Now we’ll plot the value of \(k\) vs inertia
4.3.8. Q9) Plot comparing \(k\) vs Inertia. Highlight the inertia for the model with the highest silhouette score#
Hint 1: If you followed the previous step as it was written, you have the index for the best model stored inbest_index
.
Hint 2: The KMeans documentation details the attribute in which the model’s intertia is stored.
# --------------------------------------------------------------------------------------------------------------------------------------------------
# Iterate through the list of kmeans models and store the model inertias
# --------------------------------------------------------------------------------------------------------------------------------------------------
inertias = [model._____ for model in _____]
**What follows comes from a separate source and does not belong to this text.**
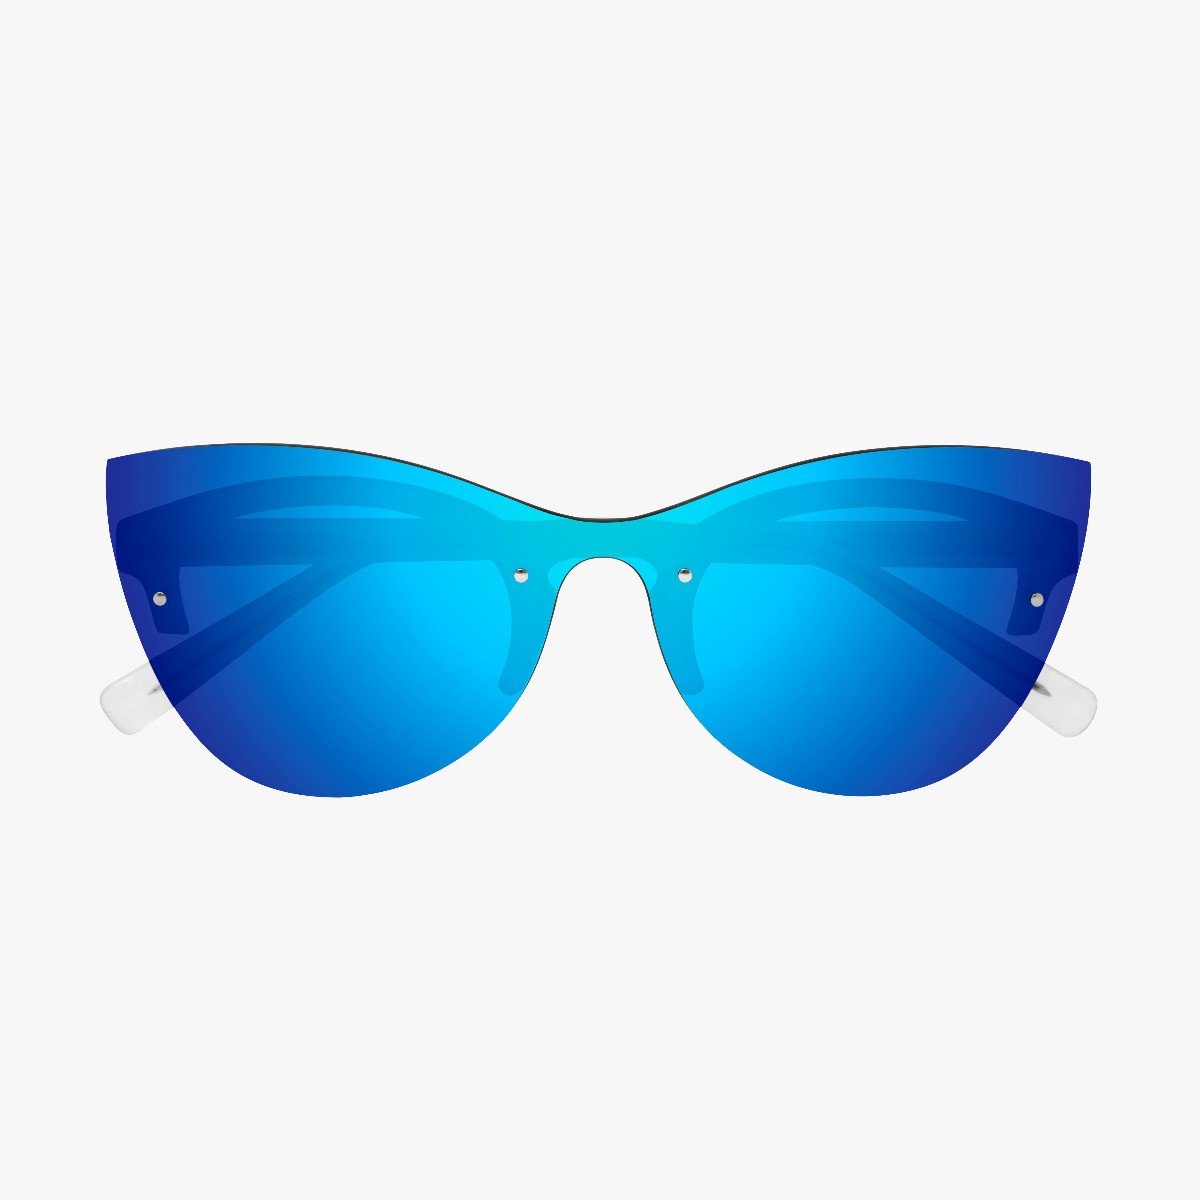 Scicon Sports | Phantom Lifestyle Women's Sunglasses - Frozen Frame, Blue Lens - EY180305

# --------------------------------------------------------------------------------------------------------------------------------------------------
# Get the inertia for the model with the highest silhouette score
# --------------------------------------------------------------------------------------------------------------------------------------------------
best_inertia = inertias[____]
# --------------------------------------------------------------------------------------------------------------------------------------------------
# Create a k-silhouette score diagram (horizontal axis: K values, vertical axis: inertia)
# --------------------------------------------------------------------------------------------------------------------------------------------------
# Make a figure with size (12,4)
fig, ax = ___.___(____=____)
ax.plot(_______, ______, "bo-")
ax.set_xlabel("$k$", fontsize=14)
ax.set_ylabel("Inertia", fontsize=14)
ax.plot(best_k, best_inertia, "rs")
You should see a figure similar to the one below.
If you ran the notebook with the default random seed, you may be surprised to see that the best performing KMeans model is the one that breaks it off into two clusters! The next best two will be those associated with \(k=4\) and \(k=5\). Let’s get some plots to try to make sense of the results, since we have the actual labels.
There aren’t any more questions to answer from here on out, but you will have to change the code if you started out from a different random seed! I’ll try to be good about pointing out what code you’ll need to change.
Let’s begin by using scikit’s TSNE implementation to reduce the dimensionality of the dataset for plotting. This will take a bit of computation time!
from sklearn.manifold import TSNE
tsne = TSNE(n_components=2, # We'll project onto 2D plane
random_state=rnd_seed, # We need a random seed
learning_rate='auto') #Let the algorithm handle the learning rate
# And now get the input data in 2-component reduced form
X_plot = tsne.fit_transform(sub_X)
/usr/local/lib/python3.7/dist-packages/sklearn/manifold/_t_sne.py:783: FutureWarning: The default initialization in TSNE will change from 'random' to 'pca' in 1.2.
FutureWarning,
Let’s continue by making a list of the three best models.
# --------------------------------------------------------------------------------------------------------------------------------------------------
# Make an empty list to store the three best models
# --------------------------------------------------------------------------------------------------------------------------------------------------
best_models = []
# --------------------------------------------------------------------------------------------------------------------------------------------------
# Use the best_index to get the best model
# --------------------------------------------------------------------------------------------------------------------------------------------------
best_models.append(kmeans_models[best_index])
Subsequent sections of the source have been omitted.